March 14

Michael Peppard is an assistant professor of theology at Fordham University.

In not too long, our entire country will probably sanction marriage equality. To same-sex partners, equal-protection laws say, “Let them eat cake.” The civil rights side of the issue appears settled. But the religious liberty side is less clear.

Here’s a question to help us explore it: What’s the difference between a cake baker and a photographer?

Much of the public discourse about same-sex couples has focused on the cake baker. Commentators in USA Today and Christianity Today, as well as on cable news, have asked whether Jesus would bake the cake for a gay wedding. Since providing a cake bears some resemblance to serving a customer at a lunch counter, this framing calls to mind analogies from the civil rights movement.

Religious arguments were used for centuries to justify discrimination, so most people are inclined not to grant a religious exemption for discrimination against gay men and lesbians. This firm anti-discrimination position is compelling and patriotic, and such arguments already have persuaded most Americans.

We know that in a polity typified by pluralism, elected leaders must do whatever possible to neutralize threats of factionalism to our union. The Arizona measure that Gov. Jan Brewer (R) recently vetoed , for example, was too broad and had too many potential consequences.

This doesn’t mean, however, that opponents of such proposed laws have everything figured out. Grievances of conscience must still be considered and possibly accommodated.

Which brings us to the wedding photographer. In 2008 the New Mexico Supreme Court ruled that Elaine and Jonathan Huguenin violated the state’s anti-discrimination law by refusing to work as photographers for a gay couple. Once the Huguenins entered the “smaller, more focused world of the marketplace, of commerce, of public accommodation,” the court decided, the law overrules their conscience.

Yet anyone familiar with weddings knows that the photographer is often more involved in the ceremony than the baker is. In some weddings, the photographer is a kind of supplementary liturgist for the ceremony: orchestrating participants’ movements, suggesting placements of the couple, encouraging romantic gestures, walking in front of them down the aisle and spending precious moments alone with the couple. Some photographers are next to the altar or under the chuppah.

We may need more reflection on what the law could force a citizen to do at a wedding or other religious ritual. The argument doesn’t have to slide down a slippery slope. One could imagine several footholds: Can the state compel someone, under anti-discrimination law, to assist in orchestrating the movements of another’s religious ritual? Perhaps the state can compel a photographer only to document the event but not to offer guidance in its execution? Or maybe the state can compel one to serve at a civil ceremony but not one sanctioned by a religious officiant?

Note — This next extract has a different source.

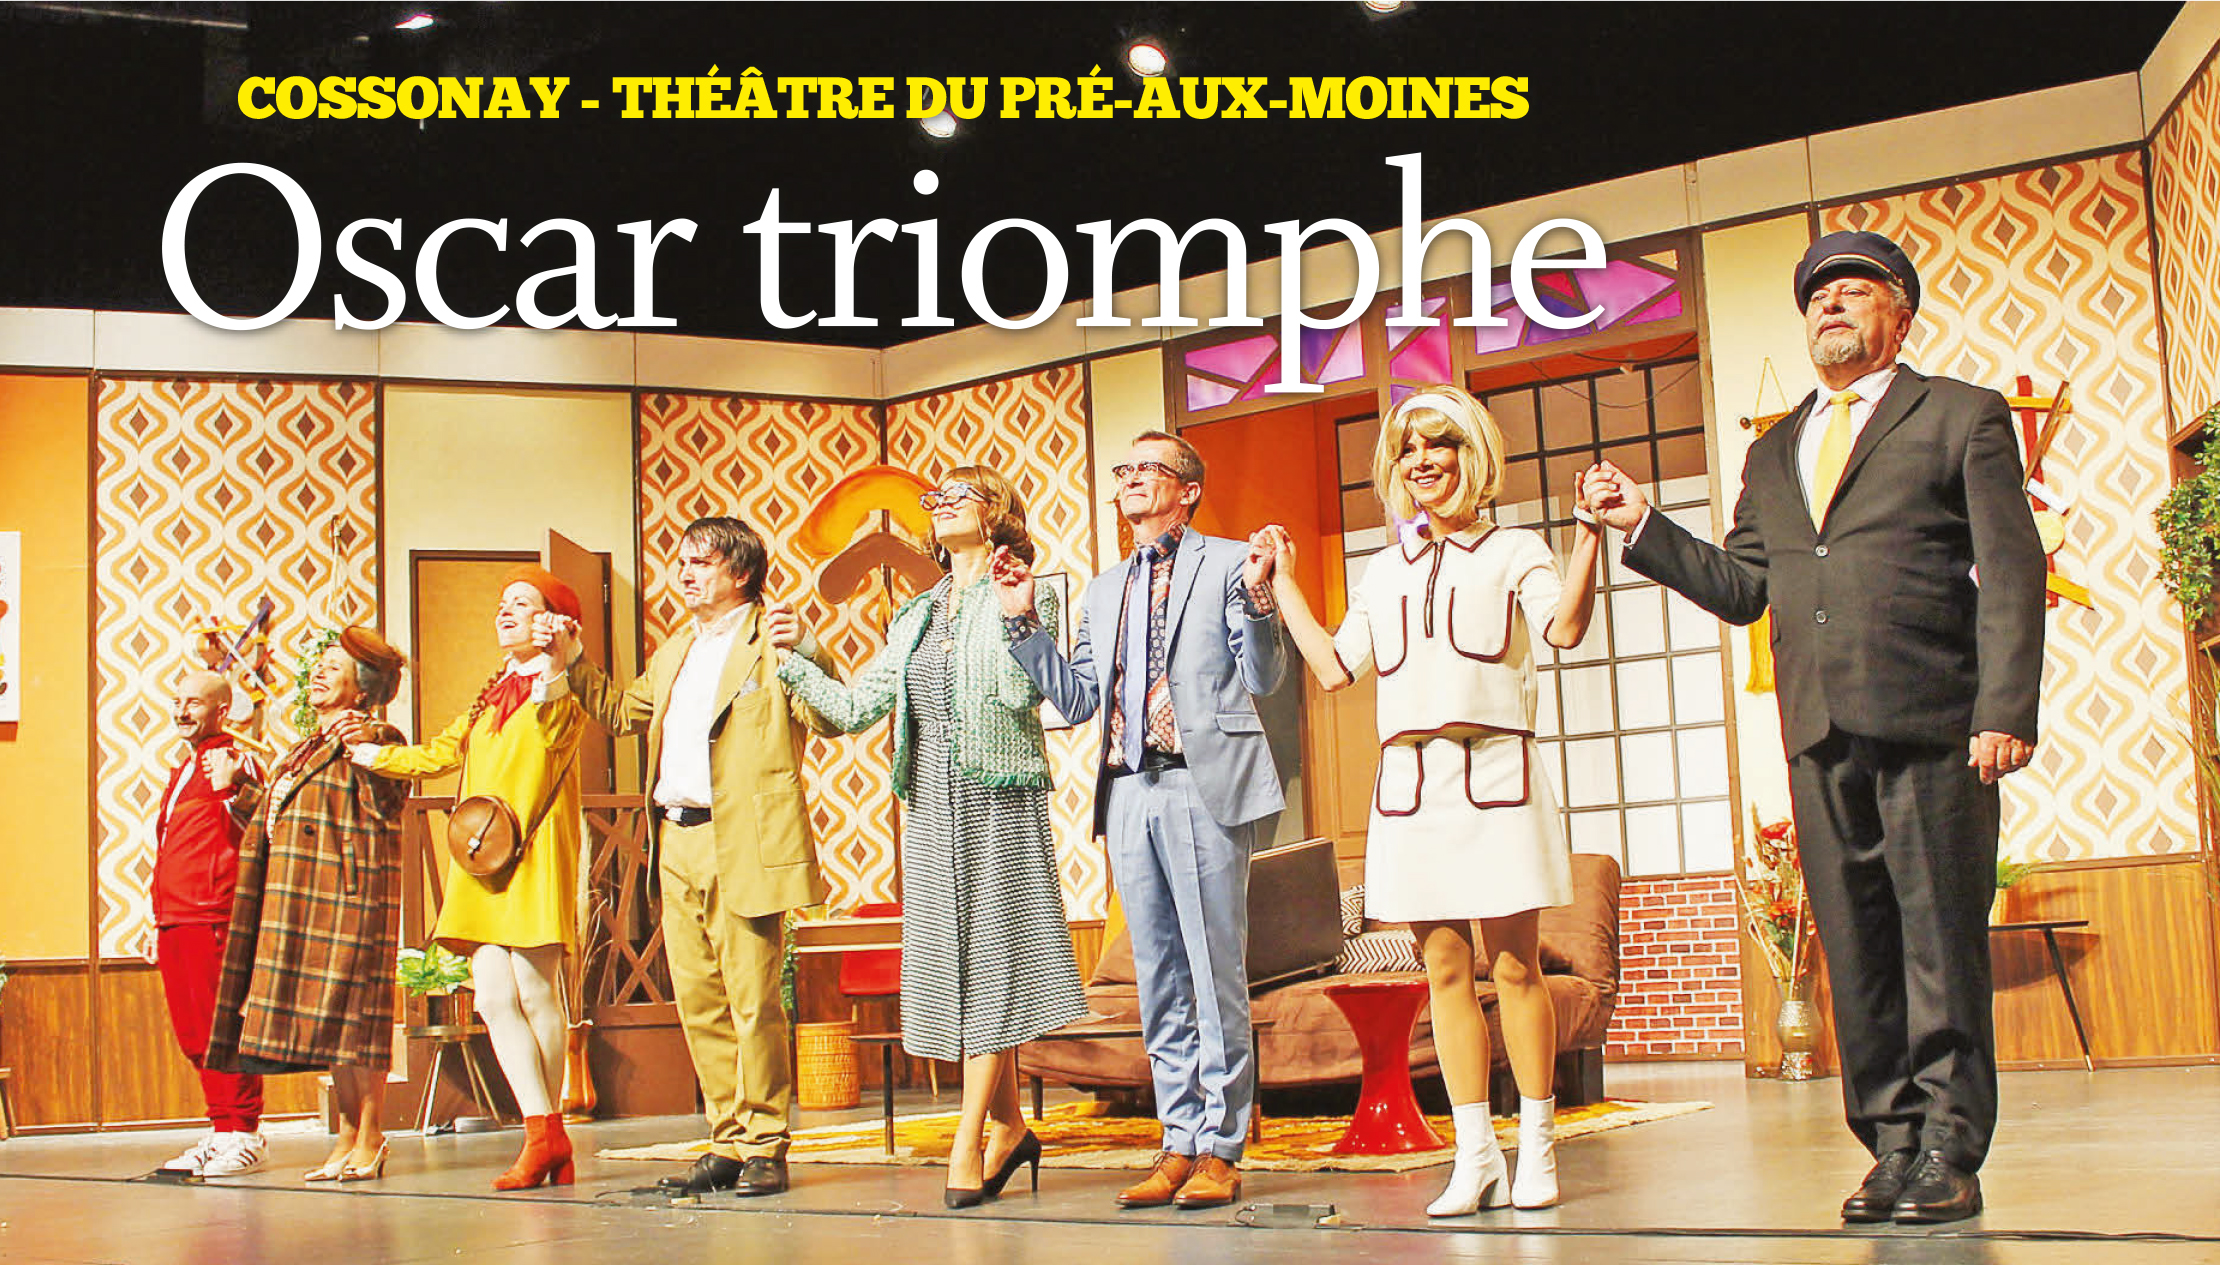 Cossonay – Théâtre du Pré-aux-Moines – Oscar triomphe

The New Mexico Supreme Court ruled that the photographers’ abiding by public accommodation law is “the price of citizenship.” But U.S. history, which juxtaposes firm anti-discrimination laws and a robust religious liberty tradition, has shown that the price of citizenship is drawing distinctions: finding footholds on supposedly slippery slopes.

Who can use peyote and when? Employment Division v. Smith. Can federal money pay for abortions? The Hyde Amendment. Can one religiously object to paying Social Security taxes? U.S. v. Lee. Can religious pacifism excuse a foundry worker from manufacturing weapons? Thomas v. Review Board.

Asking and answering these questions has been essential to Americans’ governance. Some civil rights are limited; some religious consciences are infringed. We may or may not decide, in the end, that baking a cake and photographing a wedding are sufficiently different interactions with the event to suggest anti-discrimination protections for one and conscience protections for the other. But the process of making such decisions is worth the effort.

Doing so need not entail an apocalyptic war of religion vs. state-sponsored secularism. Rather, we would continue to tinker with a delicate balance. In terms of religious pluralism, the American experiment remains unique, with more diversity in Washington or New York — or even just one of its wards or boroughs — than in most countries. Fashioning social order out of such variety is not a process to be taken for granted. The more civil rights expand and deepen, the more carefully responsibilities must be negotiated and articulated. E pluribus unum is ever fragile.

Drawing distinctions to maintain a precise balance of religious conscience protections and publicly accommodated civil rights is neither a sign of fastidious hairsplitting nor a distraction from prophetically proclaimed truths on either side. Rather, it is necessary to preserve and perfect our experiment in diversity.